Every line below must be copied as written, except for pictures.

··· Supplied data ···

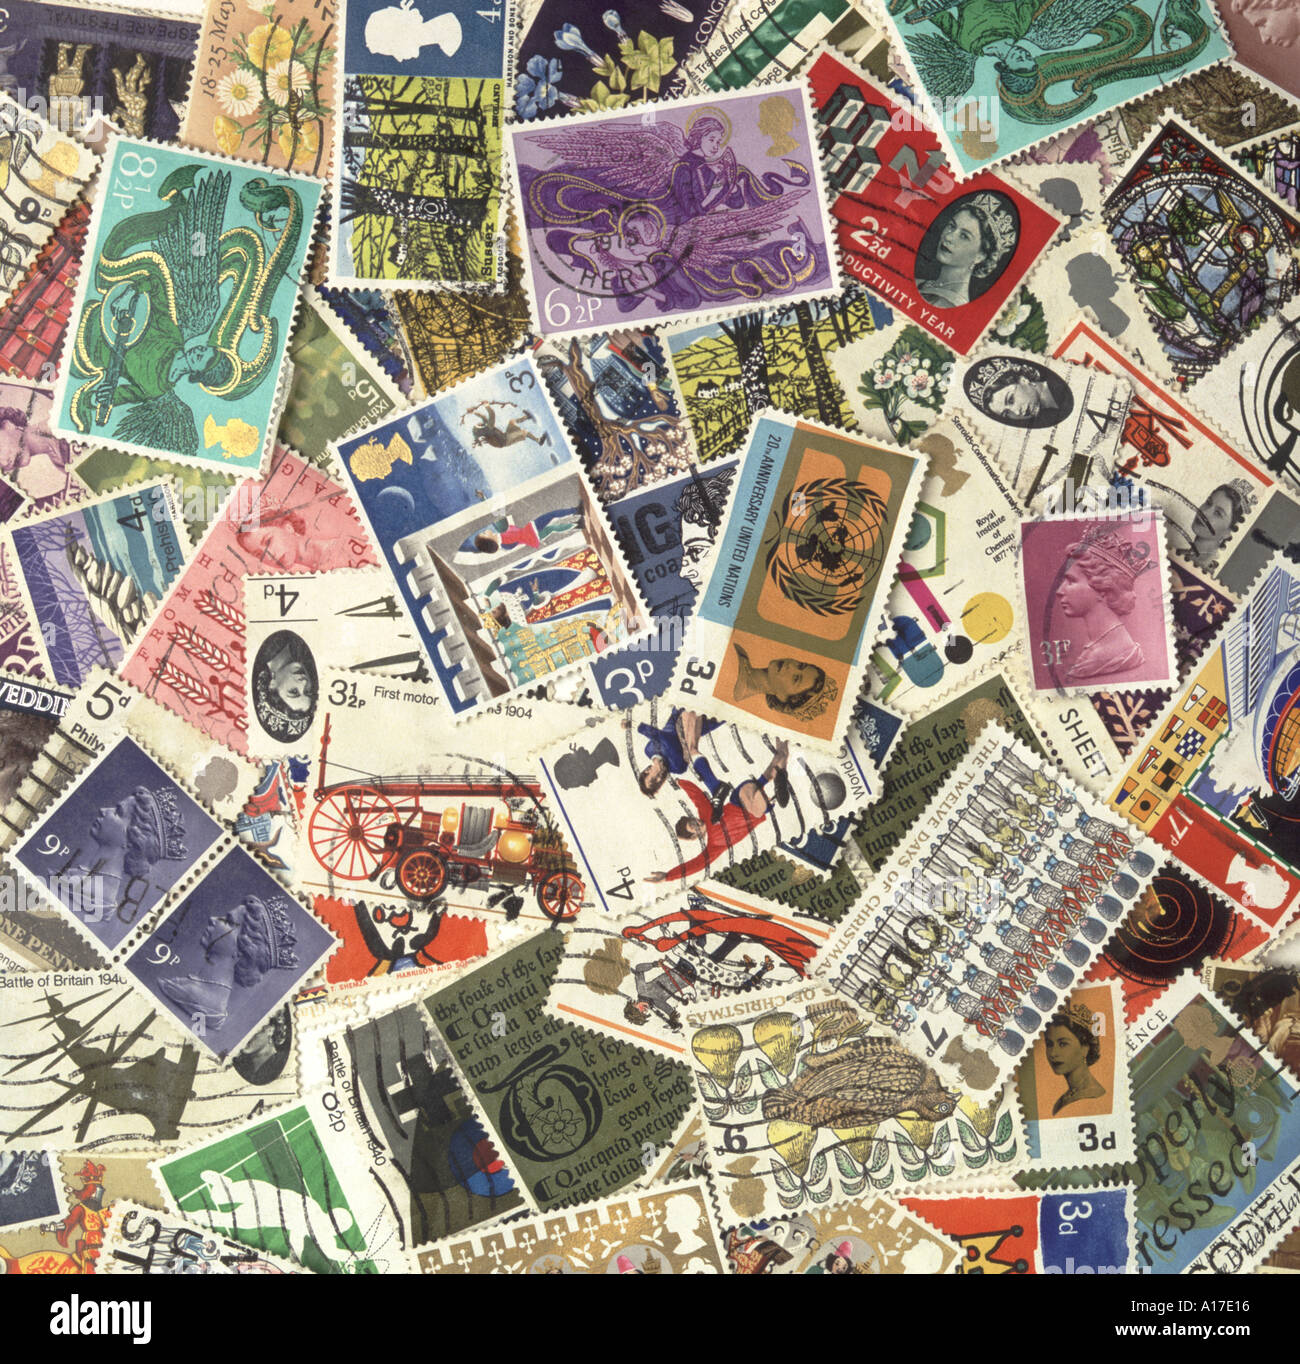 Des timbres britanniques de 1960 s et 1970 s Banque D'Images
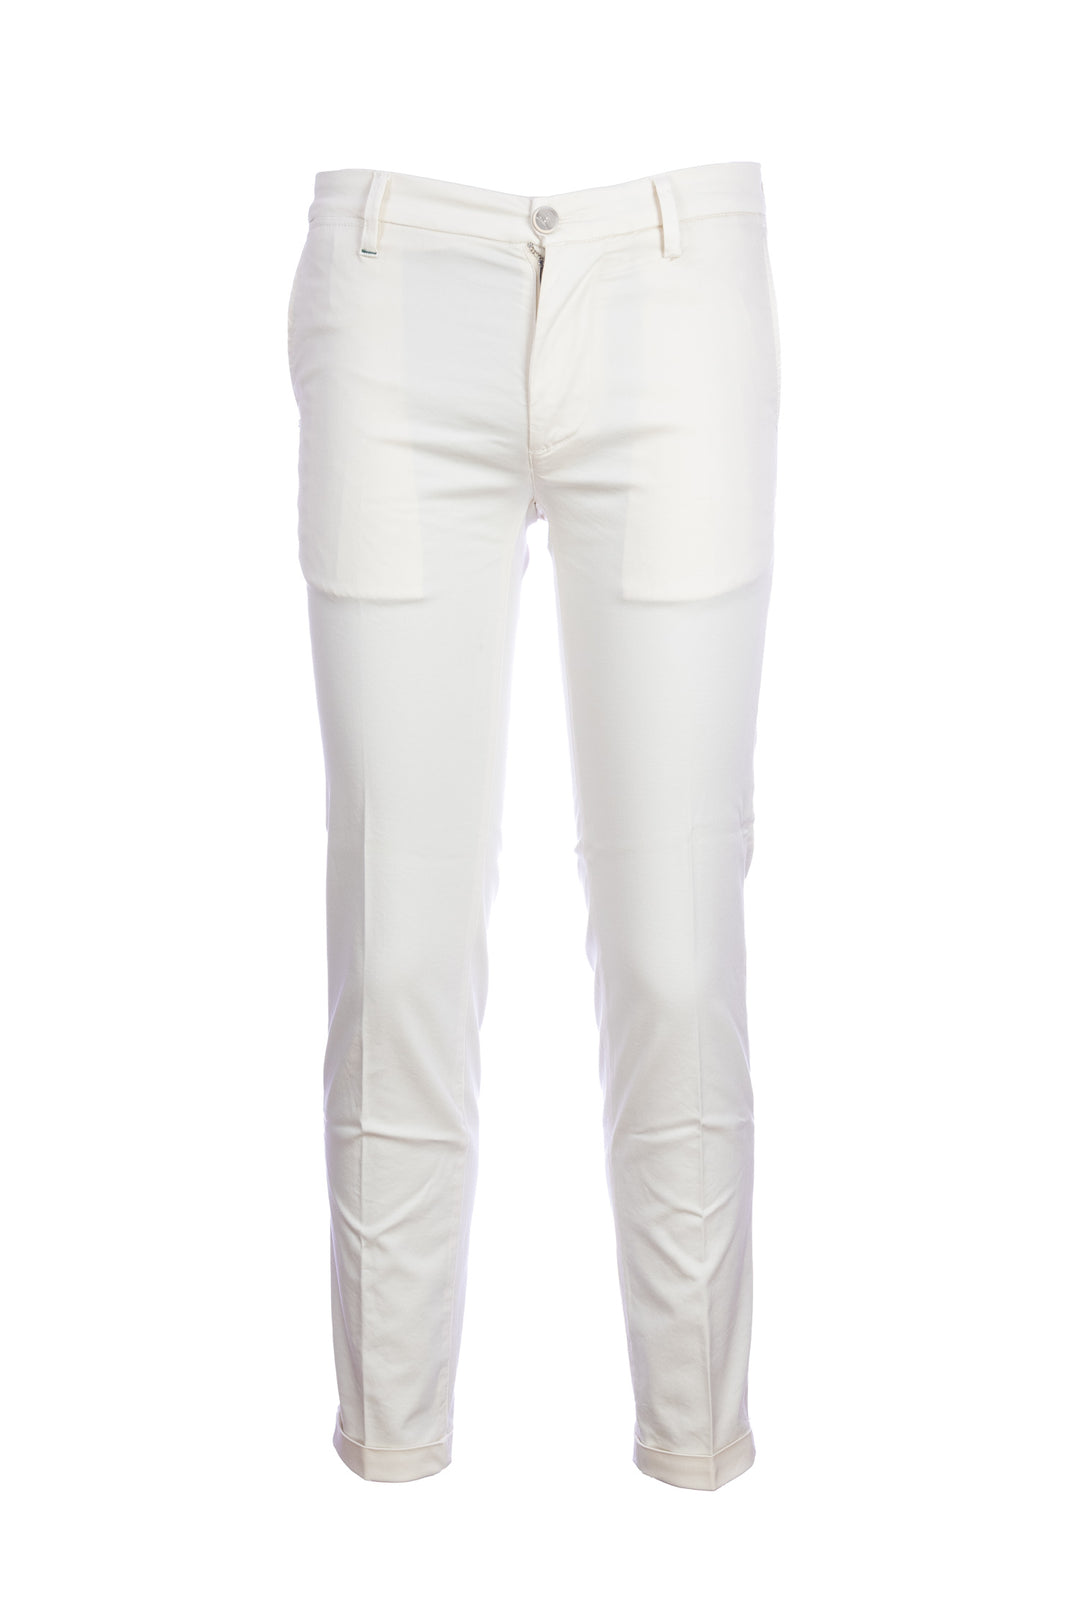 RE-HASH Pantalone chinos “MUCHA” bianco in cotone tencel con risvolto - Mancinelli 1954
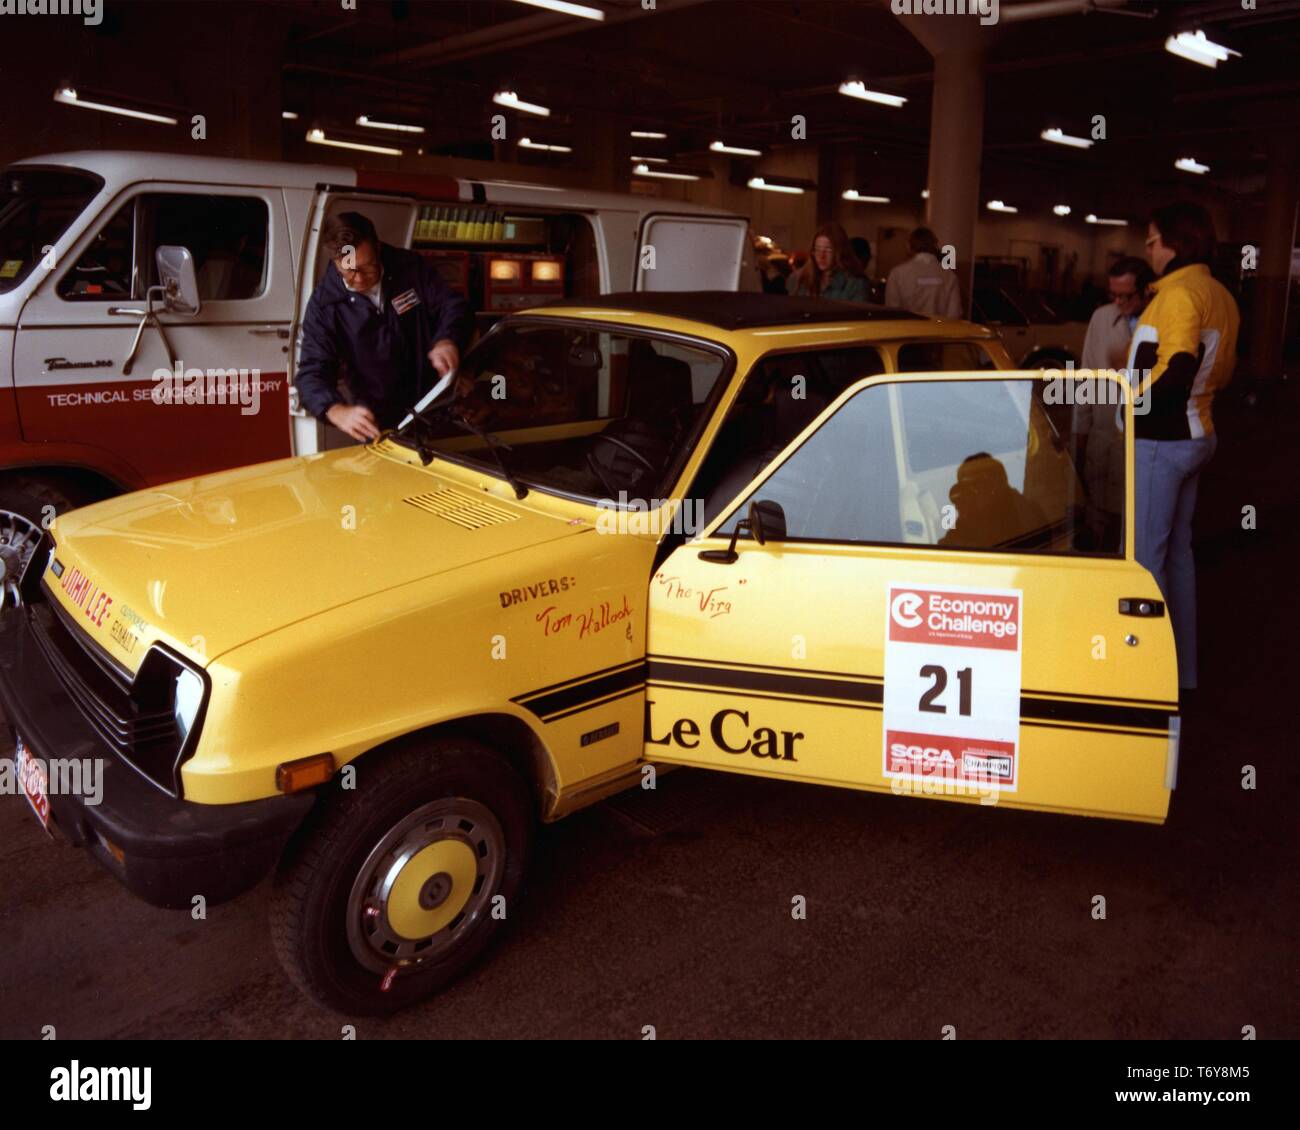 Un funzionario esamina una Renault 5 (Le auto) dopo un rendimento del carburante la guida evento, 1975. Immagine cortesia del Dipartimento Americano di Energia. () Foto Stock
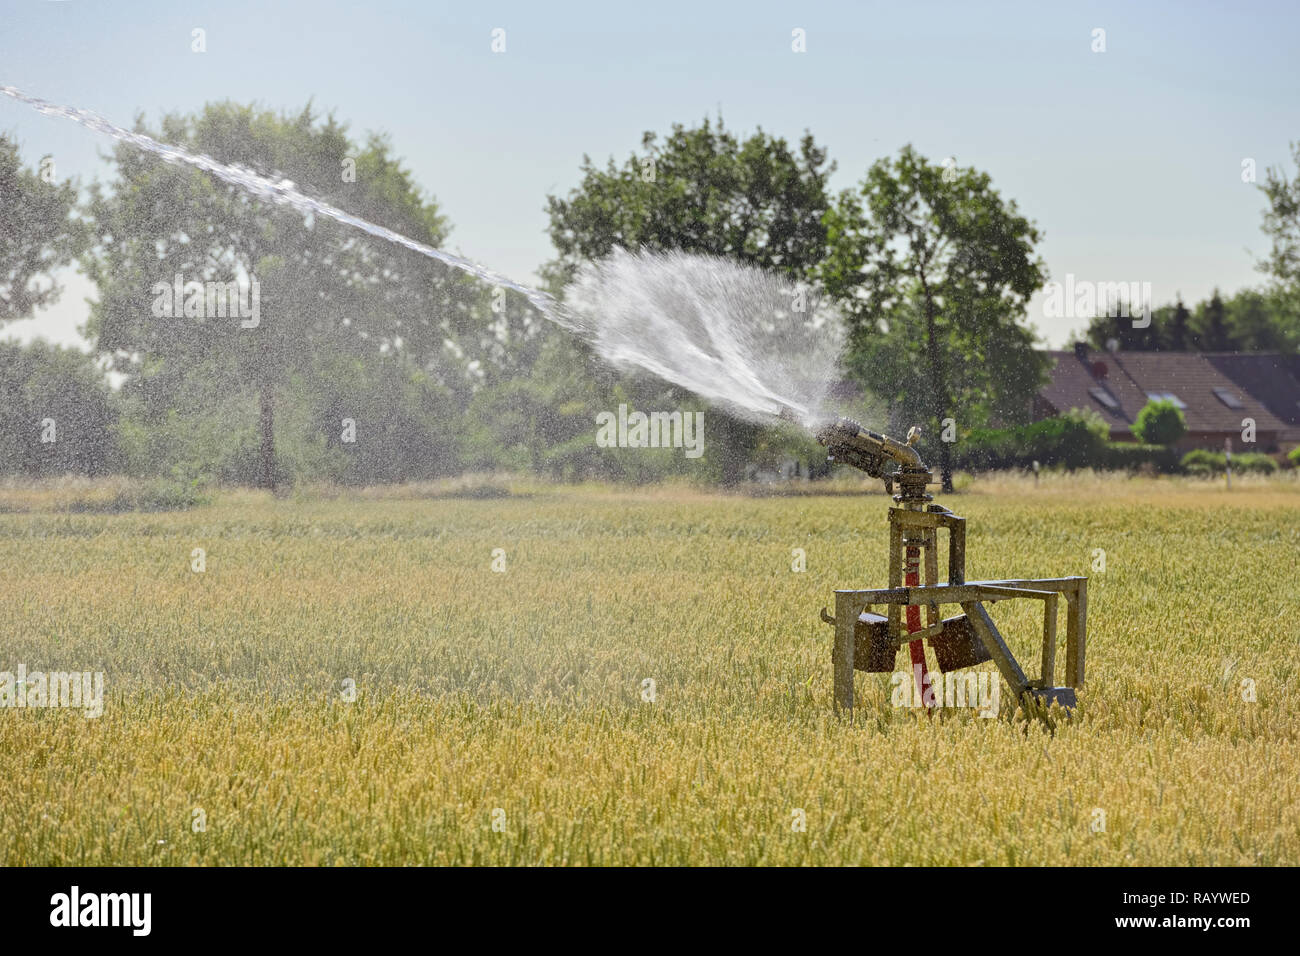 Tragbare Beregnung Maschine sprühen Wasser über Ackerland während einer Dürre im Sommer, heiße und trockene Sommer 2018, Europa. Stockfoto

···

◆ **Answer for this exercise**
 Des timbres britanniques de 1960 s et 1970 s Banque D'Images
 RE-HASH Pantalone chinos “MUCHA” bianco in cotone tencel con risvolto - Mancinelli 1954
 Un funzionario esamina una Renault 5 (Le auto) dopo un rendimento del carburante la guida evento, 1975. Immagine cortesia del Dipartimento Americano di Energia. () Foto Stock
 Tragbare Beregnung Maschine sprühen Wasser über Ackerland während einer Dürre im Sommer, heiße und trockene Sommer 2018, Europa. Stockfoto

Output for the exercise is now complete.